With no explicit interval specification appended, the semantics S-4 realise the tonal function indicated by the function symbol as a concrete triad, with root tone, third and fifth. Further intervals can be added to that chord by appending numbers (with modifiers) to the symbol. The root tone can be explicitly suppressed by a “ / ” character immediately following the root symbol, the other default components by appending 3/ and 5/ . Our canonical continuation of this traditional way of writing are the double slashes as in D// which cancel all default components of the triad. This allows easy notation of the concept of ‘Klangvertretung’ (sound substitution), as proposed by Riemann (1882, pg. 185): D// is equivalent to D/3/5/ , and Figure 10 shows two realistic applications.
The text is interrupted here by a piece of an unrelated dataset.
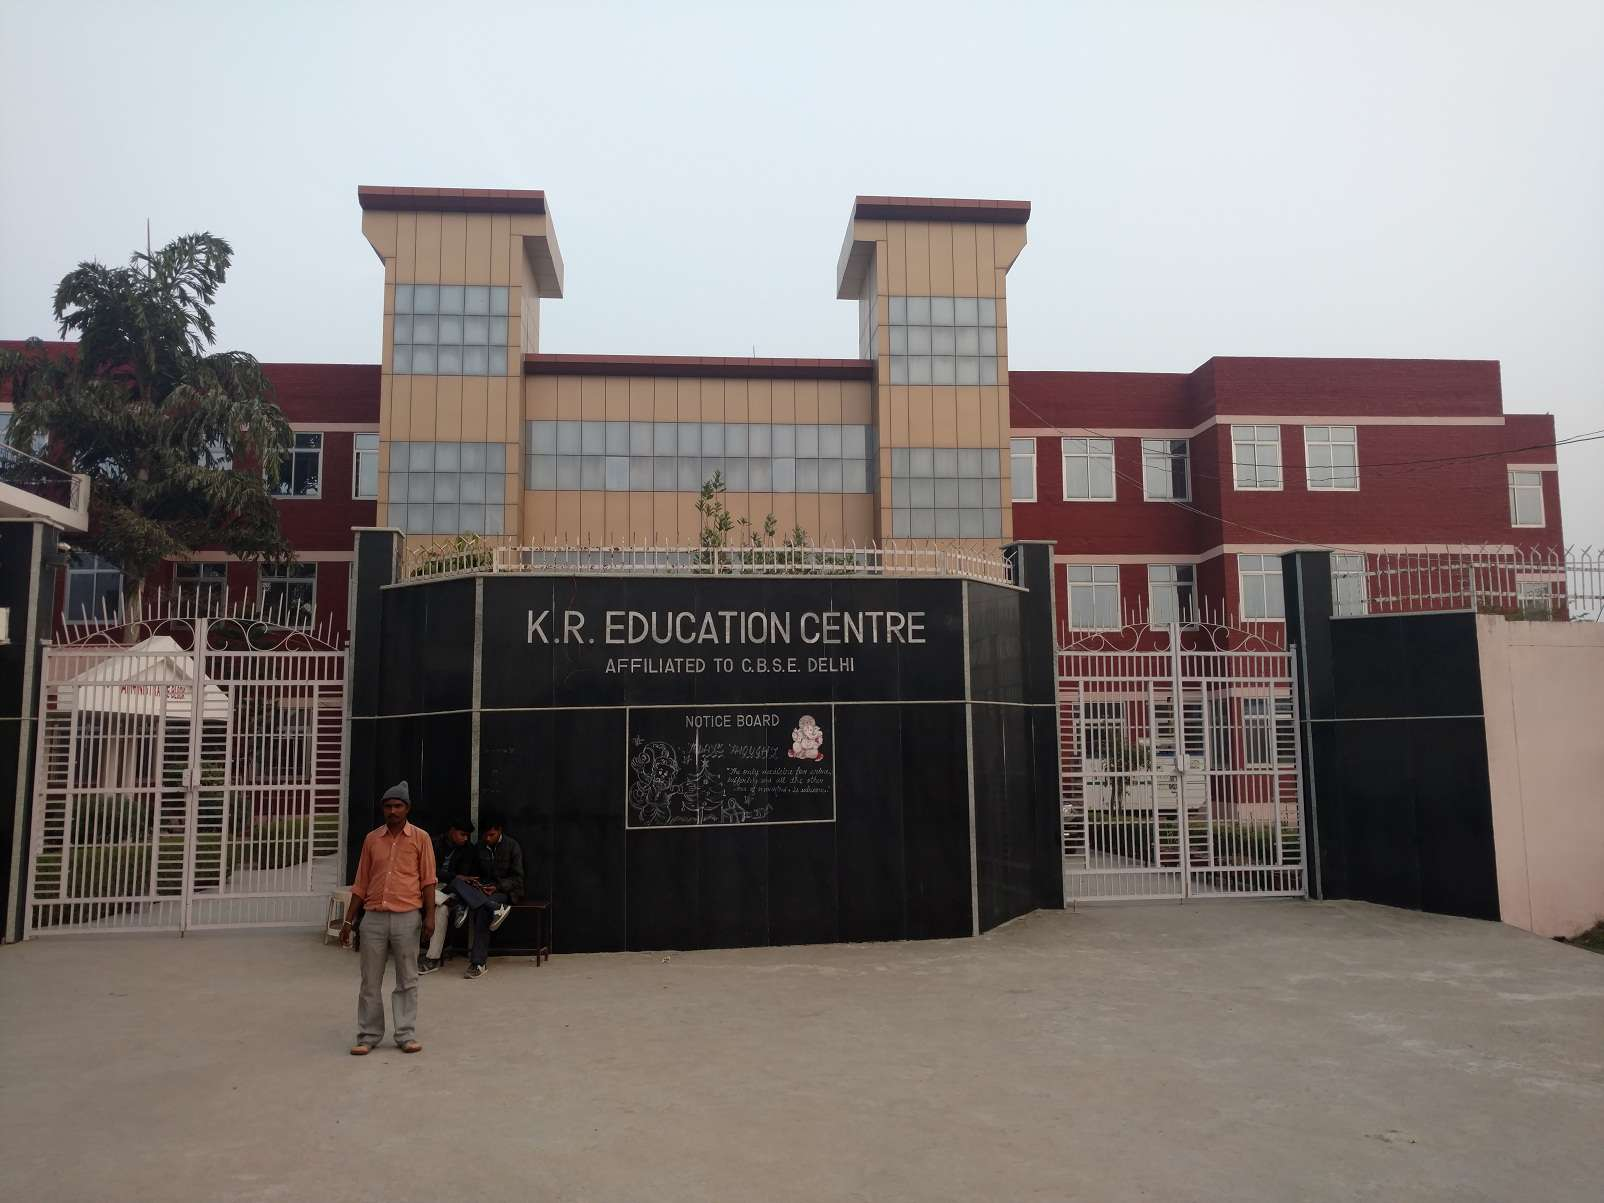 K R EDUCATION CENTRE K R PURAM SANGAWAN ROAD KANPUR UTTAR PRADESH 2130410

As a by-product we get a notation for single-pitch chords, which can also be (ab-)used as a notation for a single chord component, like D//7 .

The syntax and semantics for the additional chord components are configurable, in particular, those for iModifier, see section 2.10 for details. The examples used in this article show the variant preferred by its first author.

The top of Table 6 shows the data type of the configuration object, followed by some sample instances. The table at the bottom is a sample declaration of all supported combinations of interval numbers and modifiers.

Table 6.

Configuration and localisation of funCode.

Some added intervals suppress their default sounding neighbours implicitly; this is configured by the field suppressDefault of the configuration object.

Table 4 shows which components of the chords on the different steps of a fixed scale are affected when this scale changes between major and minor: the third, sixth and seventh step of the scale changes, and these pitch classes take descending interval roles when building chords on ascending steps, represented by the descending lines of boxes in the Table. Whenever the root of the chord is affected itself, all pitches not affected reflect the major/minor change and vice versa. This leads to a pattern which may be interesting to theoretical reflection but not suited for easy encoding. Indeed, it violates design principle D-2.

So we decided that only the third of each chord is determined by its mode. All further added intervals must be given their size explicitly, by an instance of iModifier. Therefore the data type of the ‘current tonic reference’ of each track is indeed only a pitch class, without any mode indication. As a consequence, tonal key does emerge from harmonies but is never given a priori, as such. This corresponds to the more modern ways of composition, starting with late Schumann, Liszt, and Bruckner, and to the notion of tonality as defined by Schenker (1906), which is always a mixture (‘Mischung’) of major and minor steps. As a consequence, only the size of the third is indicated by the (upper or lower case) of the functional symbol, all other intervals (suspensions, transitions or additions) must be qualified explicitly.¹⁸

The configuration from Table 6 defines the modifiers - , $ε$ , + and ++ for the ‘perfect’ intervals 1, 4, 5 and 8, meaning diminished, perfect, augmented and double-augmented respectively, and -- , - , + , and ++ for the ‘imperfect’ intervals 2, 3, 6, 7, 9, meaning diminished, small, large, and augmented. But very different notation systems and sets of allowed interval sizes are frequently used and can be plugged in by redefining the map in intervals.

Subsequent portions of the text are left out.